Caitlyn Jenner’s early April interview with Fox News host Tomi Lahren continues to produce headlines, as quotes from the expansive conversation reinforce what some see as a hypocritical streak among President Donald Trump’s supporters.
In the newest portion of the interview to be circulated on social media, the Olympic gold medalist, who came out as transgender in 2015, told Lahren that she had appealed to Trump for help after the gender marker on her passport was changed from female to male.
“Recently, I had my passport, I had to get it renewed. I sent it back, comes back gender marker ‘M,’” Jenner told Lahren, explaining that she had previously gone through the process of getting the gender marker on all of her identification, including her birth certificate, changed to female. “So now, I’m in a position, Tomi, that… What do I do? This is a safety factor. I can’t travel internationally anymore. I can’t use my passport.”
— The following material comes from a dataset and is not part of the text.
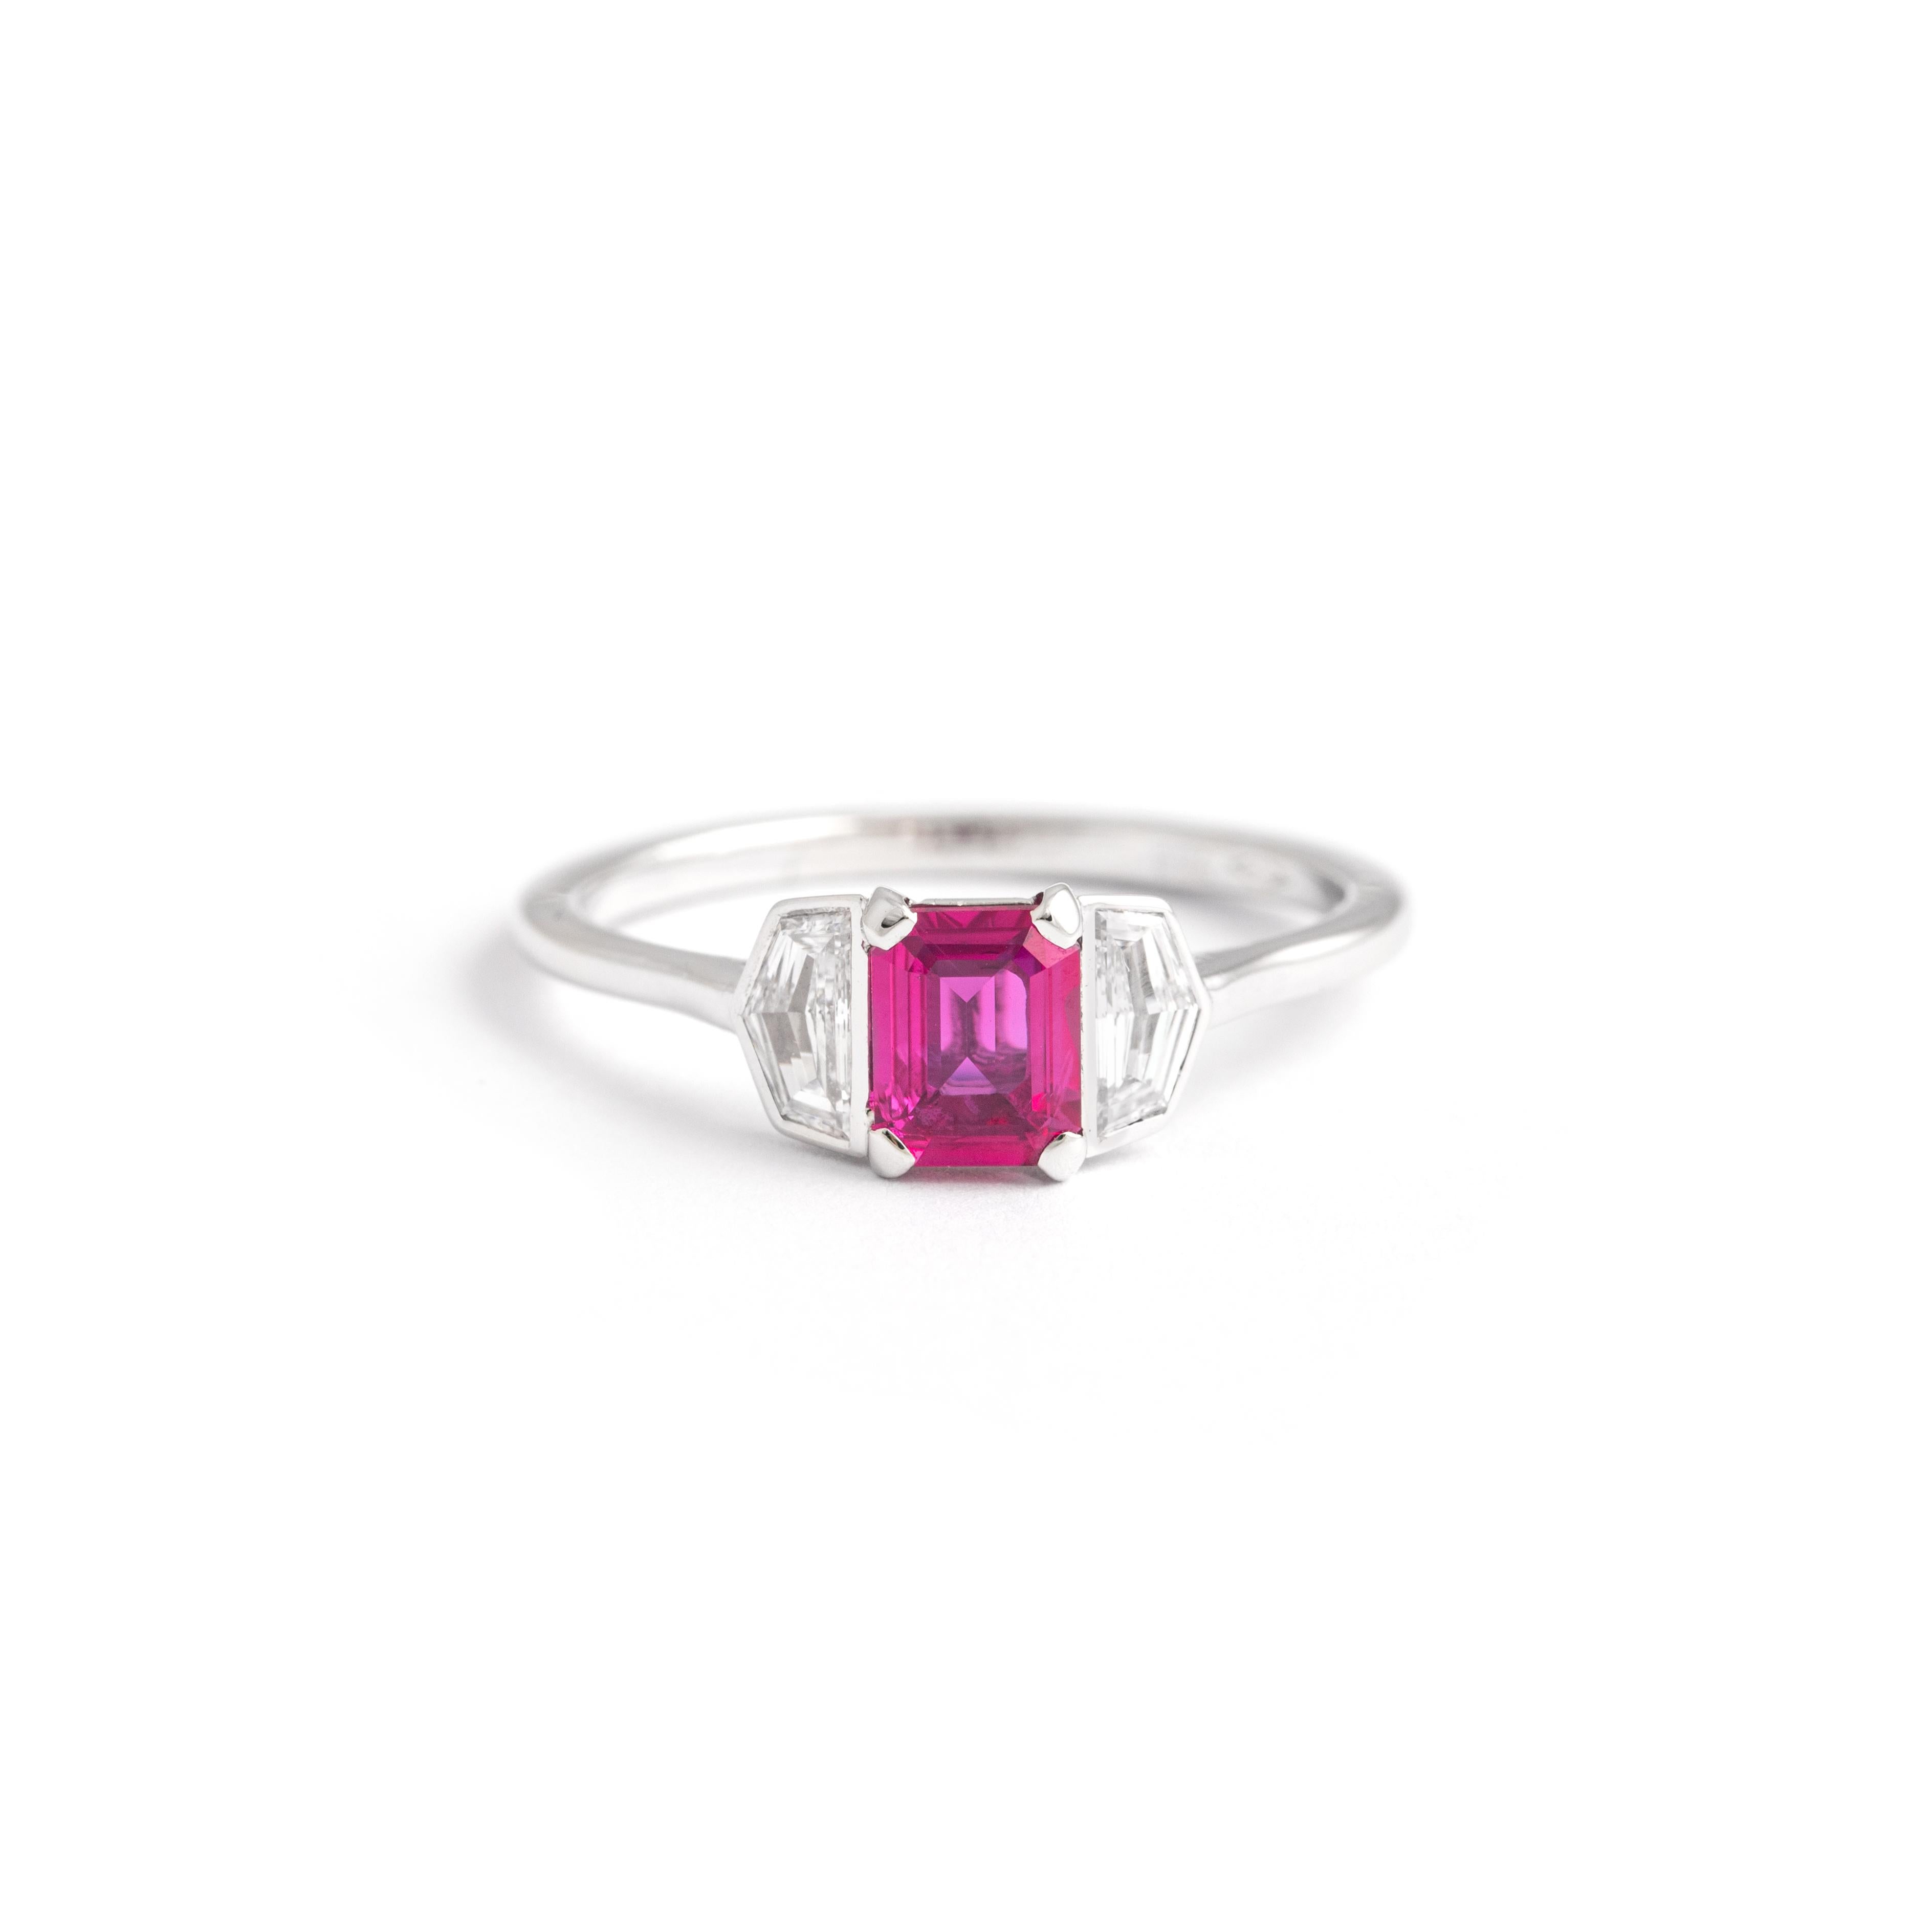 Emerald Cut 0.62 Carat Ruby Diamond White Gold Ring For Sale
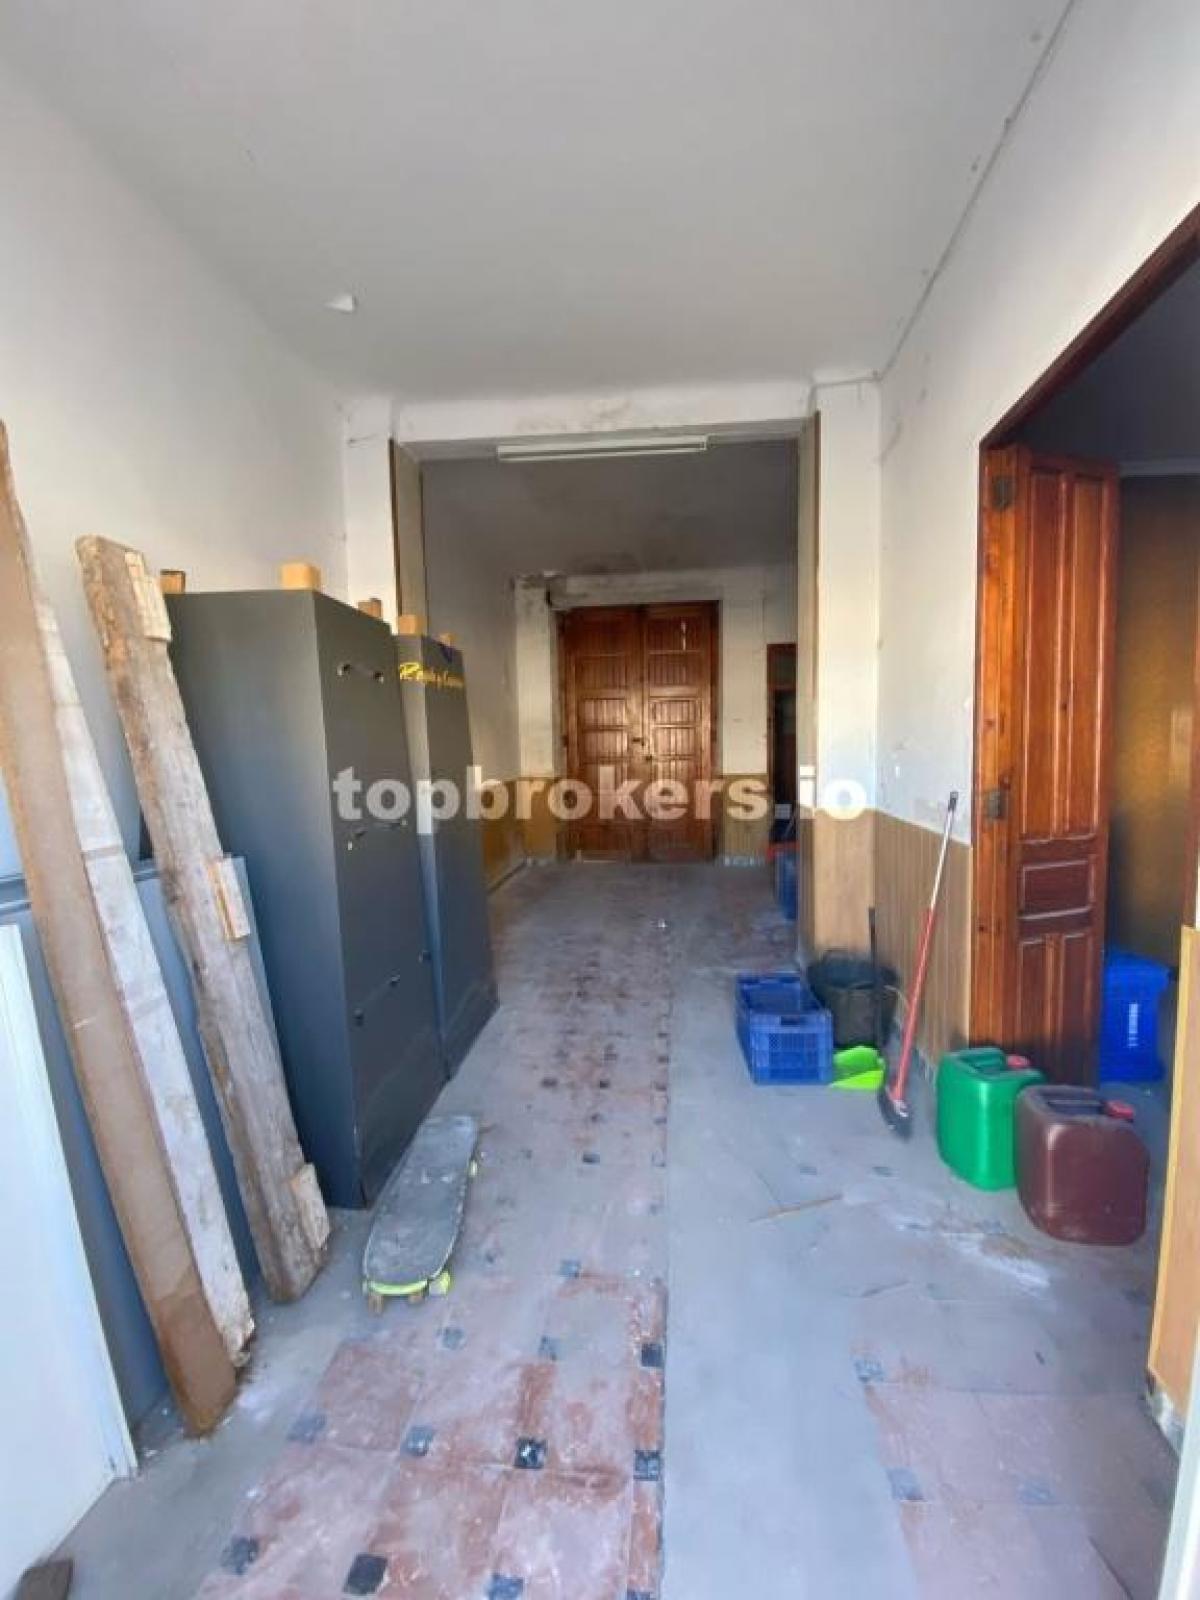 Picture of Home For Sale in Pego, Alicante, Spain

Jenner said she attempted to appeal the change by using a standard form to flag it as a mistake, but her request was denied. (Last year, the Supreme Court affirmed the Trump administration’s right to block trans and nonbinary people from choosing the gender marker on their passports.) So her next move was to write a letter to the president, even though she apparently has his personal cellphone number, about the implications for her and other trans people.
“I was in Mar-a-Lago two months ago, wrote a letter, explaining all of this to him, how it’s affecting me and a lot of other people. And unfortunately, he wasn’t there that weekend,” Jenner said, explaining that Secret Service personnel then promised her the letter would get to Trump’s desk.
“I haven’t heard from him. He’s kind of busy right now,” she said jokingly, as if she was about to follow up with “if you didn’t know.” “My gender marker is not big on the issue, OK. So I get that, and I’m not blaming him whatsoever. I love the guy, and I love what he’s doing.”
Jenner, who has been an on-again-off-again supporter of Trump since 2016, refused to place any blame on the president personally while discussing the situation with Lahren. However, she did make some comments about the policy being ill-informed, which seemed to be directed at involved parties within the administration.
“I don’t know what’s gonna happen, because I don’t think this was really thought out, what this means,” she said, going on a tangent about how the policy is especially unrealistic when it comes to trans men, who she claimed have an easier time transitioning because testosterone is “a very strong drug.”
“It’s not gonna work,” she said. “And I don’t know what the solution is yet. And unfortunately, I haven’t had a chance to talk to the president about it. But this is a big issue.”
Jenner — a record-breaking decathlete who reentered the limelight in the 2000s through Keeping Up with the Kardashians — also touched on the fact that her new passport could affect her eligibility to vote, in light of another recent Trump policy. Though she didn’t actually criticize the controversial SAVE America Act, Jenner instead said matter-of-factly that she now wouldn’t have the proper identification. And, as if to affirm her loyalty, she shifted to leveling blame on the left.
“We went so far to the left on this issue for the last 30 years,” Jenner said, referring to trans visibility. “Now, unfortunately, I don’t think I helped it at all. When I came out in 2015, I brought this issue forward, but I had nothing but good in my heart. I thought, ‘This is a very marginalized group of people’ — that I've been dealing with this issue since I was a little kid, and maybe I can make a difference. But unfortunately, the left kind of took my issue.”